■ WHAT THIS TASK INVOLVES ■
Using the listing below, output only the lines from the one that contains "Stifflexible bookmark" through the one that contains "画像: 「アレコレ」ボタンを", inclusive, exactly as given and without images.

■ INPUT DATA ■
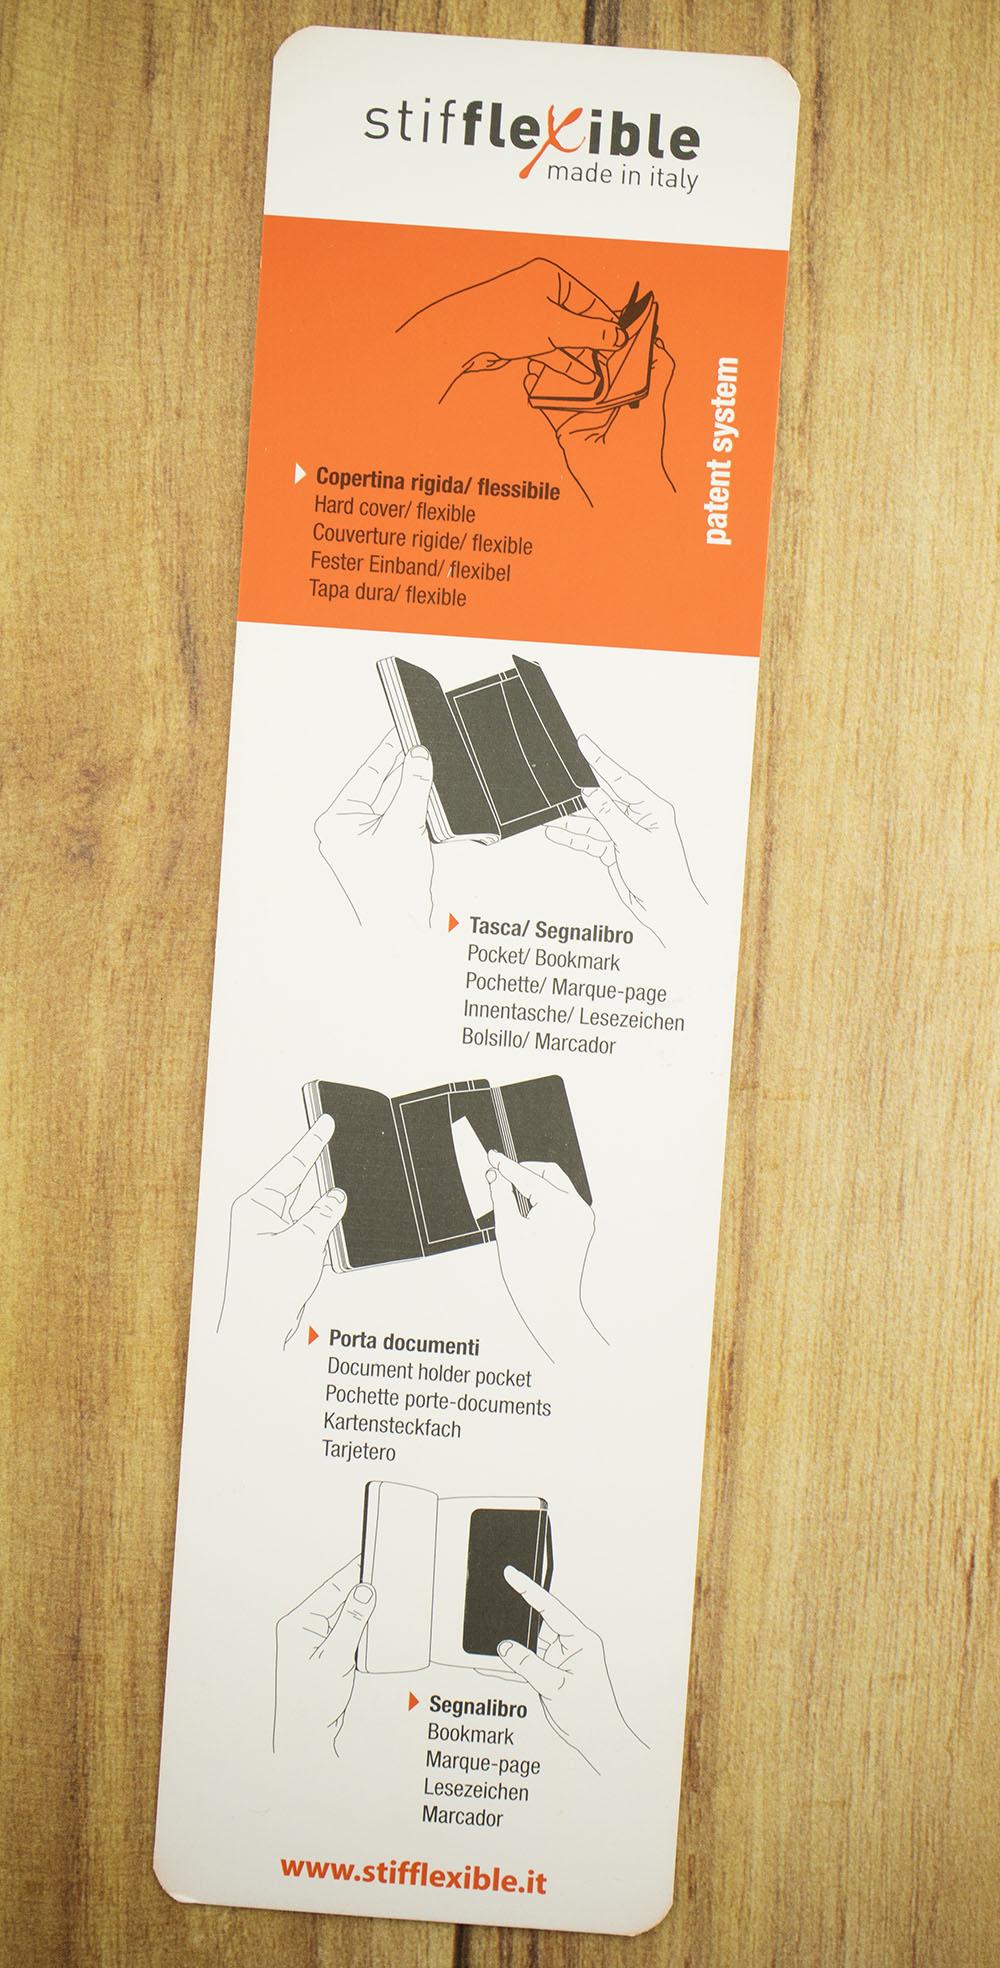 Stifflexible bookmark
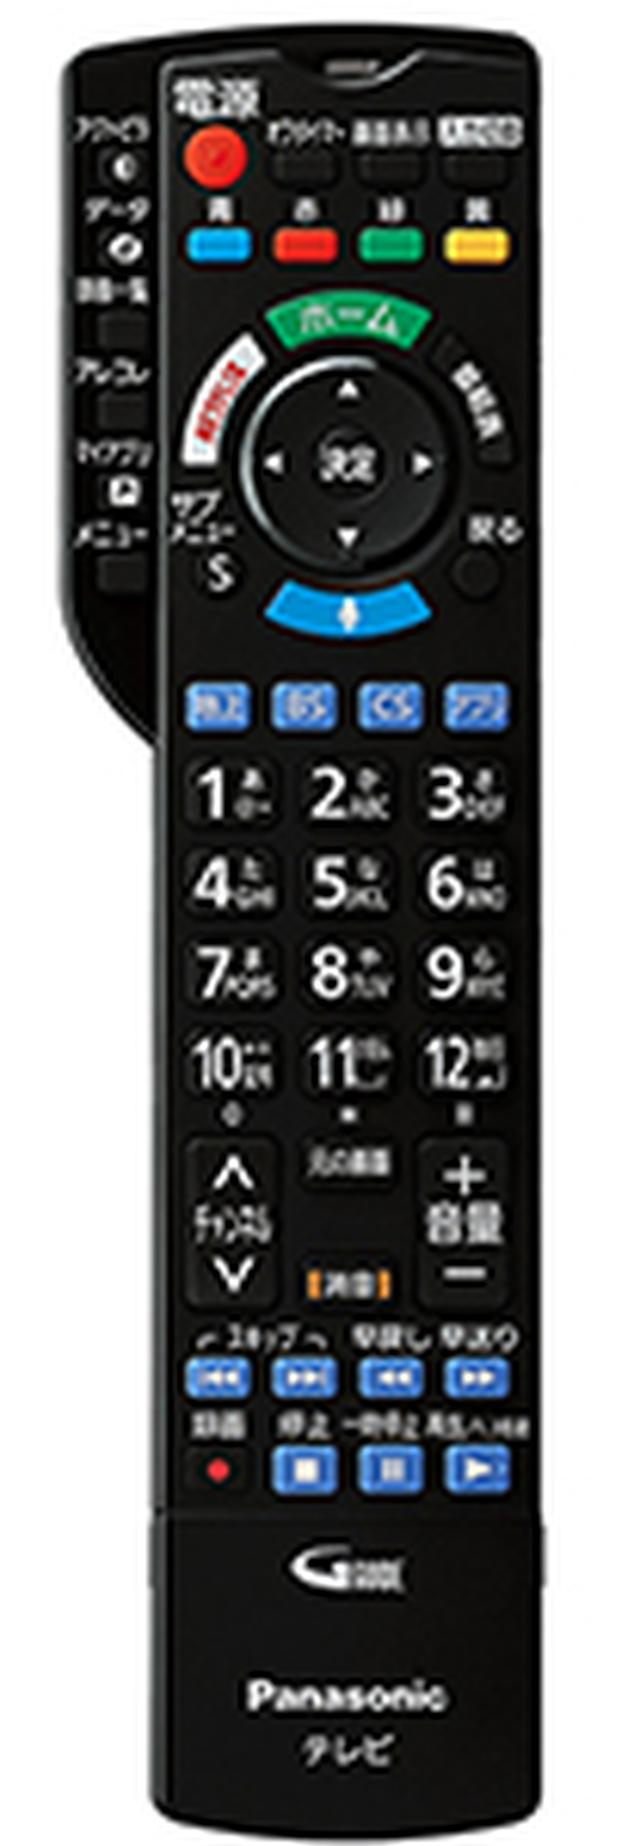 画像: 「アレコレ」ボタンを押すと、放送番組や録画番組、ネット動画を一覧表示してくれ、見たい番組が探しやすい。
* * *
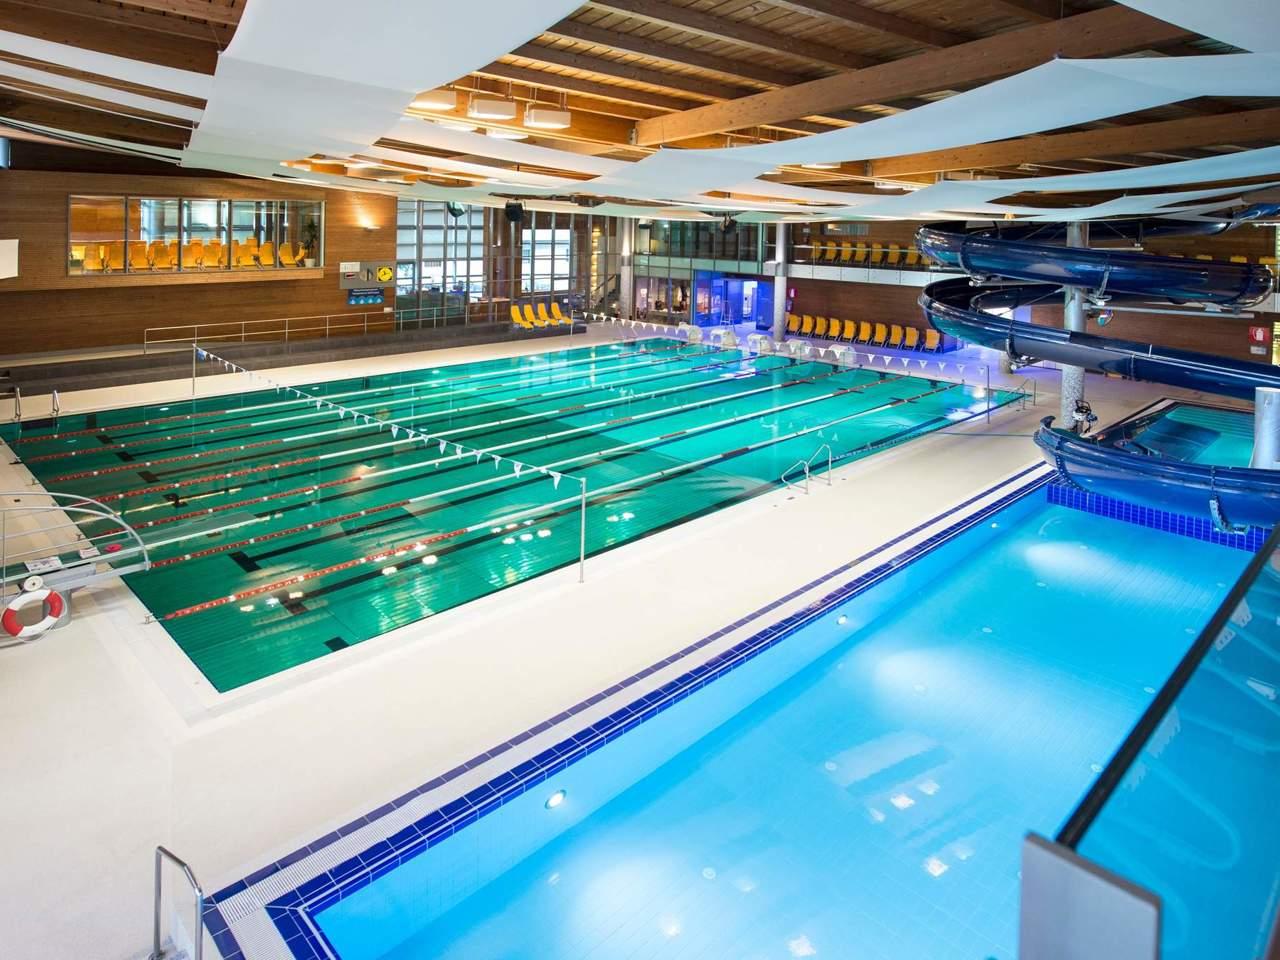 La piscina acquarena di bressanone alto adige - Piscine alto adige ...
...
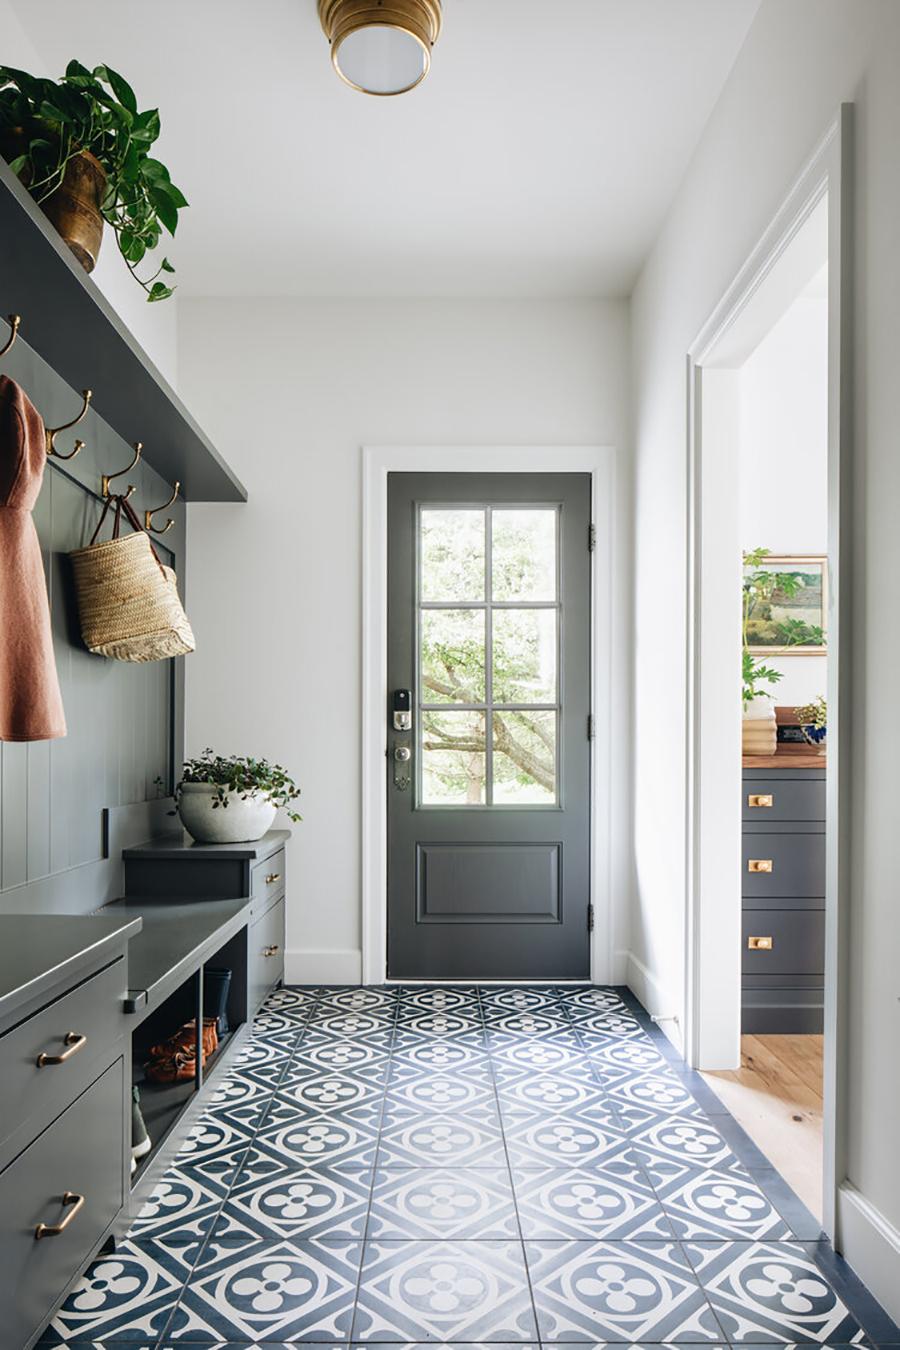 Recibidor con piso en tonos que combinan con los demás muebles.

■ COMPLETED EXERCISE ■
 Stifflexible bookmark
 画像: 「アレコレ」ボタンを押すと、放送番組や録画番組、ネット動画を一覧表示してくれ、見たい番組が探しやすい。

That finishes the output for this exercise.